Встречи с психологом меня, естественно, успокоили; мне даже пришло в голову, что Саша был не так уж и не прав, когда пытался анализировать мой сон с точки зрения психоанализа. Впрочем, подумав, я пришел к выводу, что, собственно говоря, он не сказал мне ничего нового, но, как это иногда бывает, объясненное им подтвердило мои собственные догадки и прояснило то вполне однозначное, хотя и смутное понимание ситуации, которое у меня уже сложилось. И главное — страх того, что переутомление на работе могло привести к нервной болезни со всеми возможными последствиями, отступил — хотя, как выяснилось чуть позже, и не исчез окончательно. Я решил побольше бывать с Аней, а в ближайший же свободный вечер пойти в библиотеку для того, чтобы почитать медицинскую энциклопедию. Кроме того, поначалу я решил попытаться найти необходимую мне информацию по интернету, но потом начал колебаться. На работе, где все были друг у друга на виду, мне не хотелось искать материалы про психические заболевания, а что же касается дома, то я уже неоднократно замечал, что Аня довольно ревниво относилась к моему хождению по инету и моей переписке (что, впрочем, было вполне естественно), и иногда, как показывали записи в графе «история» моего компьютера, в мое отсутствие она заглядывала на те сайты, где я бывал перед этим. А если бы, дабы избежать вопросов по поводу моего неожиданного интереса к психиатрии, я бы стер соответствующие записи из раздела «история», это бы все равно не решило проблему взгляда через плечо; так что в конечном счете я решил не рисковать.

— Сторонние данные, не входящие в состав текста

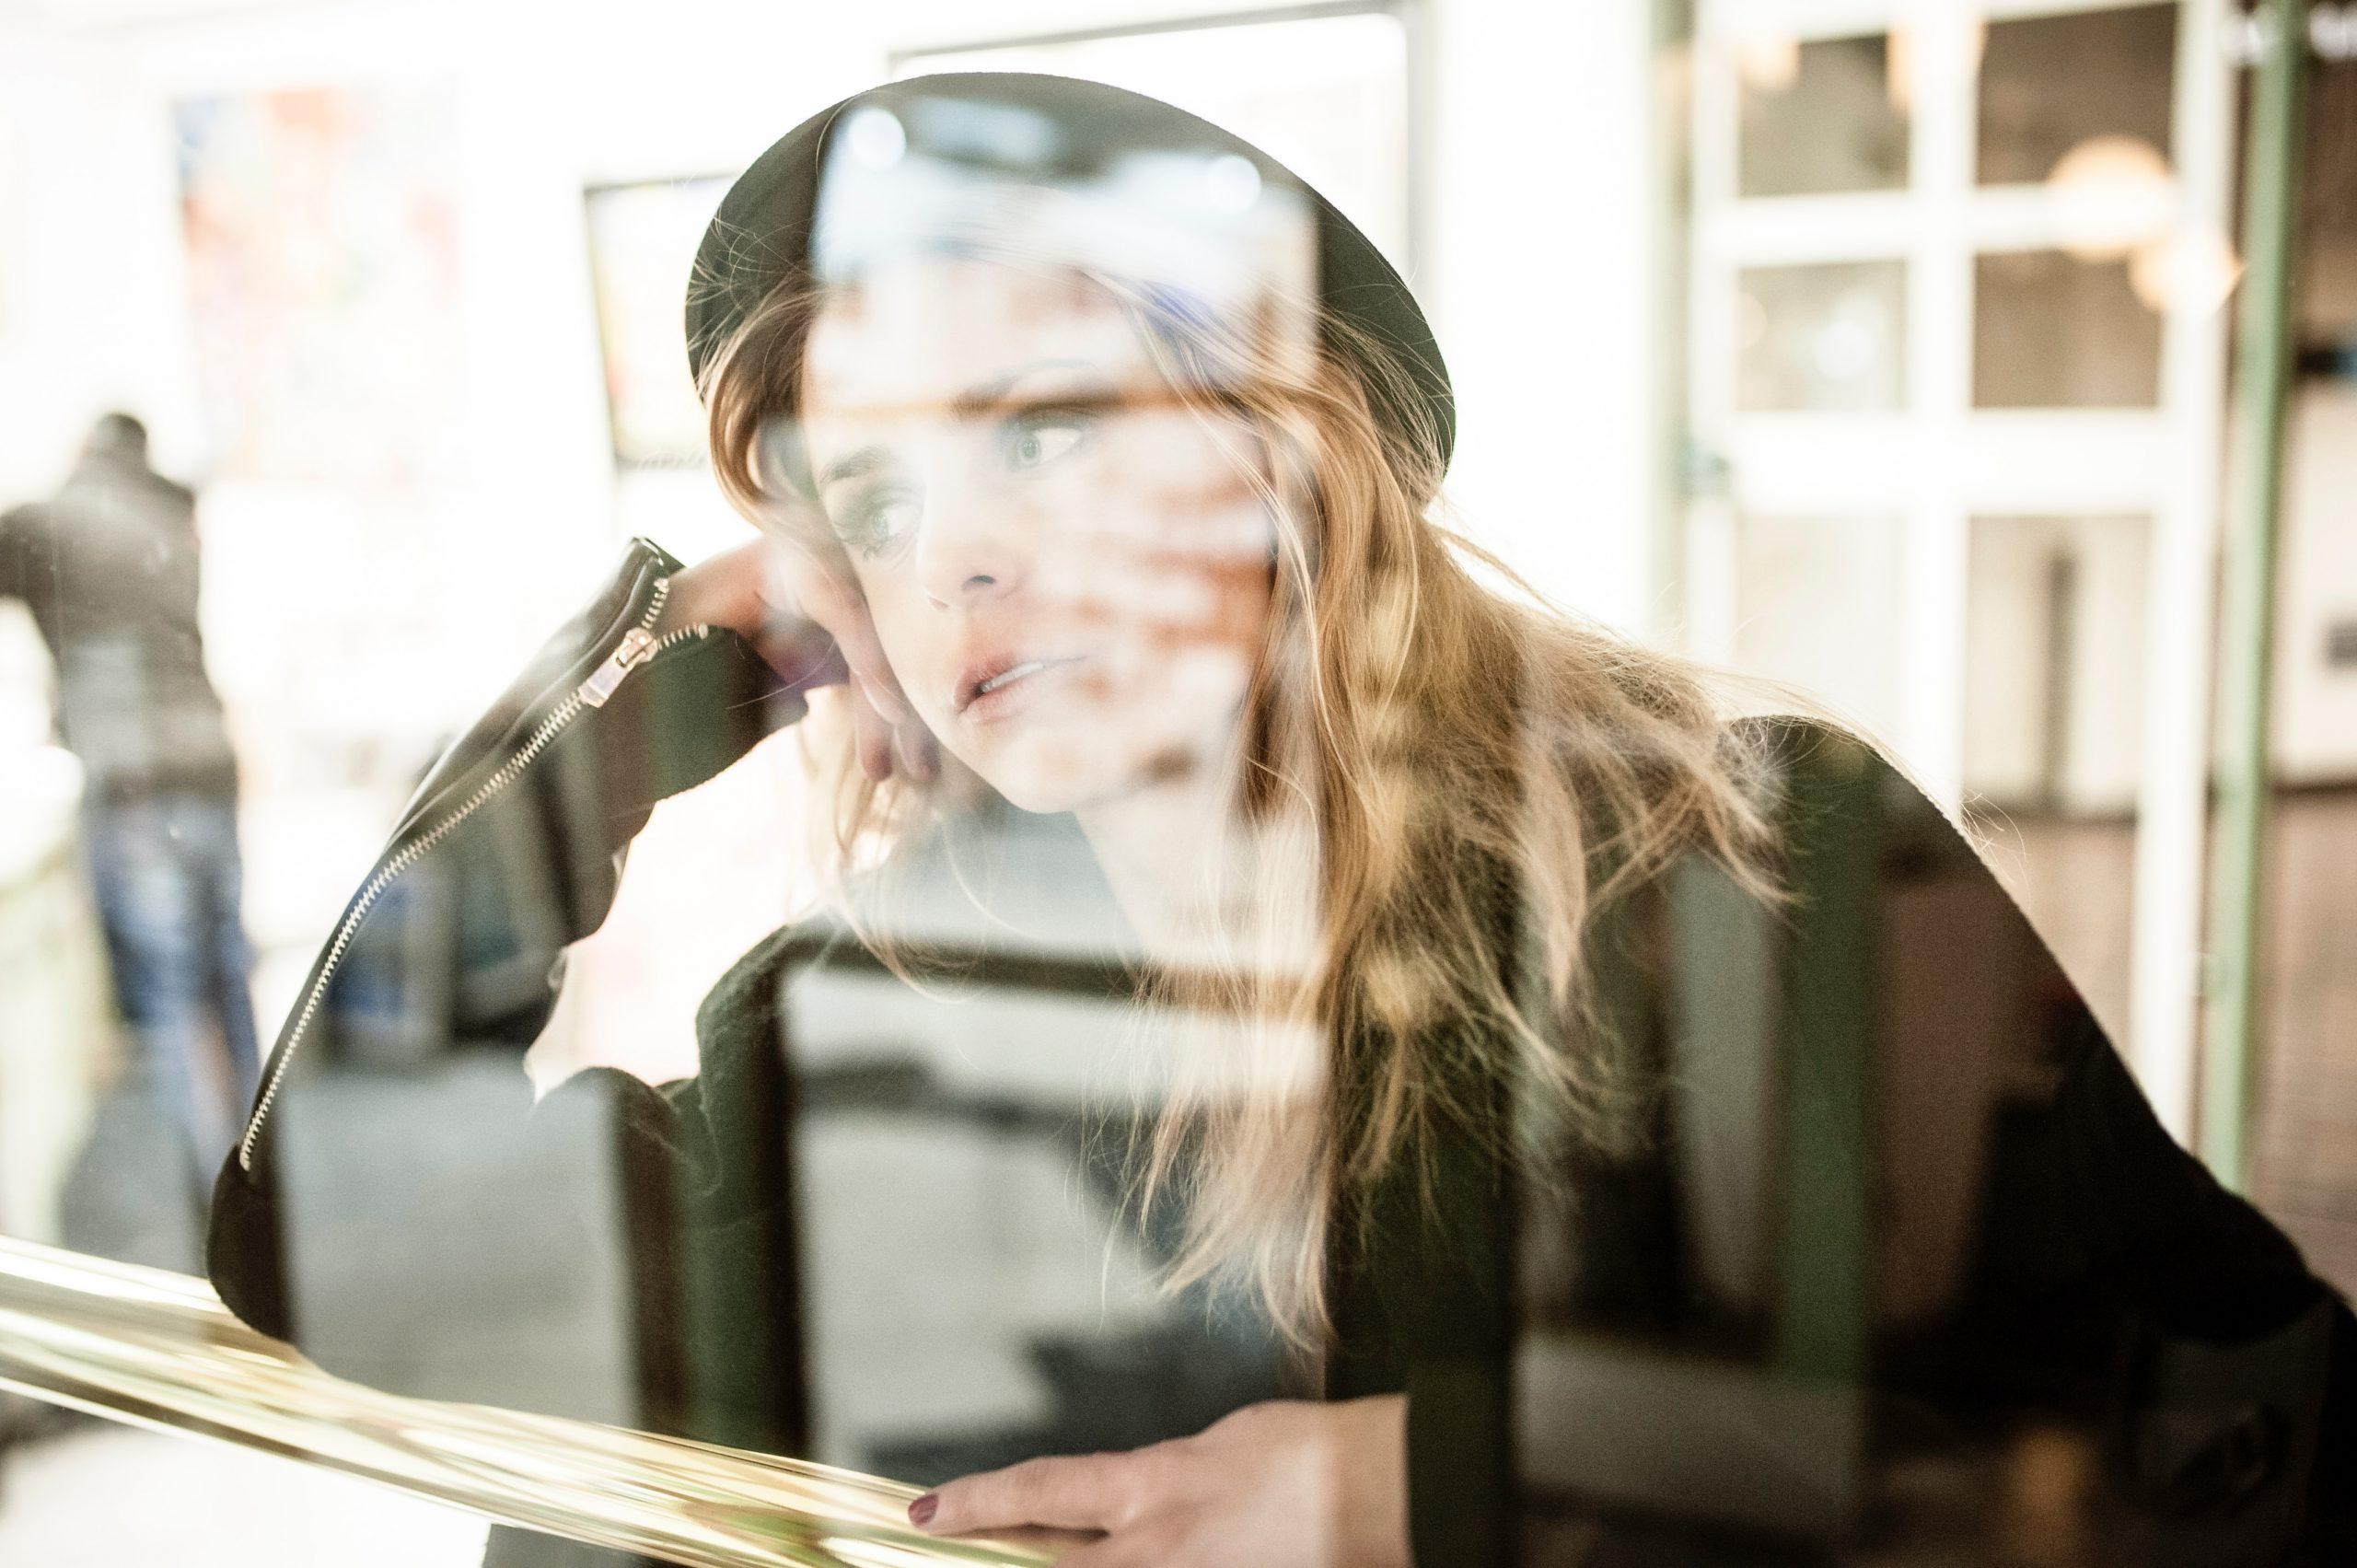 A barátnőm pasija félrelép: Lebuktassam vagy ne?
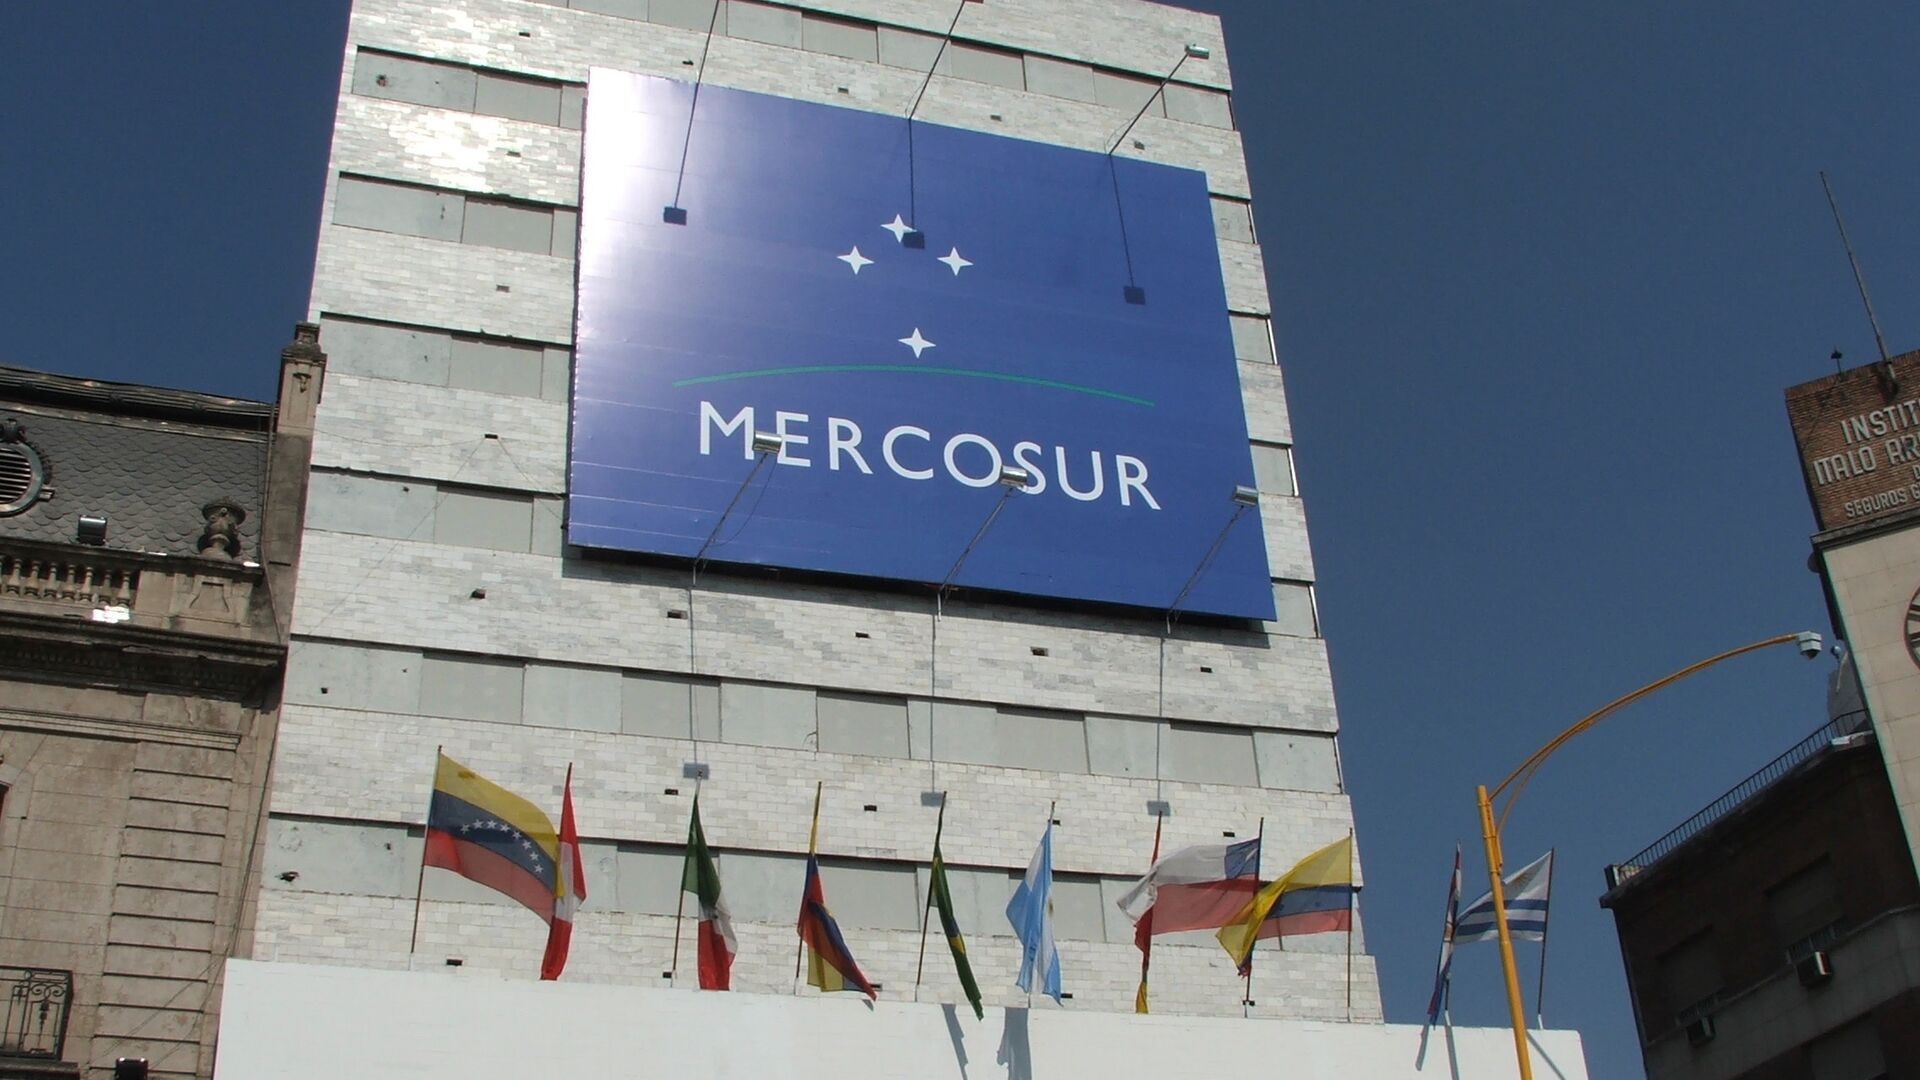 Sede del Mercosur - Sputnik Mundo, 1920, 27.05.2021

У меня уже были многочисленные возможности убедиться в том, что Анюта гораздо умнее и проницательнее абсолютного большинства ее подруг и женщин вообще.

Обдумав все это, я решил остаться на работе попозже, чтобы прочитать то, что меня интересовало, не прячась от любопытных глаз коллег. Но они расходились исключительно медленно, и я начал читать последние русские новости. Новости, как водится, были довольно однообразны, за небольшими исключениями, на криминально-эротические темы; и если бы меня спросили через пять минут после их прочтения, что именно я читал, мне бы пришлось не вспоминать, что оказалось бы бесполезным, но скорее домысливать по аналогии. Потом, пытаясь найти для себя занятие, я стал смотреть раздел «мистика»; но и здесь заголовки были какими-то бесцветными: «Шамбала как путь к вашей карьере», «Тантра и семейная жизнь», «Каббала, или Как стать банкиром», «Секту хлыстов создали инопланетяне». Я начал с «Тантры», и она вывела на целую страницу заголовков, из которых я выбрал один, показавшийся мне небезынтересным; но за ним открылись словесные цепочки из «шакти», «майтхуны» и «кундалини», соединенные с «эротико-магической практикой махаяны», «космическими началами», «глубинами материи», «пиромагией» и почему-то «ночью друидов». Я вернулся на основную страницу «Тантры». Но второй заголовок вывел на достаточно простые и очевидные советы по «гармонизации семейной жизни», и мне достаточно быстро стало скучно. Я вернулся к «мистике» и открыл раздел, посвященный хлыстам; впрочем, оказалось, что инопланетяне создали хлыстов с целью разрушения России и всего русского, и мне снова стало неинтересно. Я снова вернулся в «мистику», выбрал каббалу и долго водил глазами по столь же бессмысленным заголовкам, пока в какой-то момент мне не бросилась в глаза строчка «Магия чисел в вашей жизни».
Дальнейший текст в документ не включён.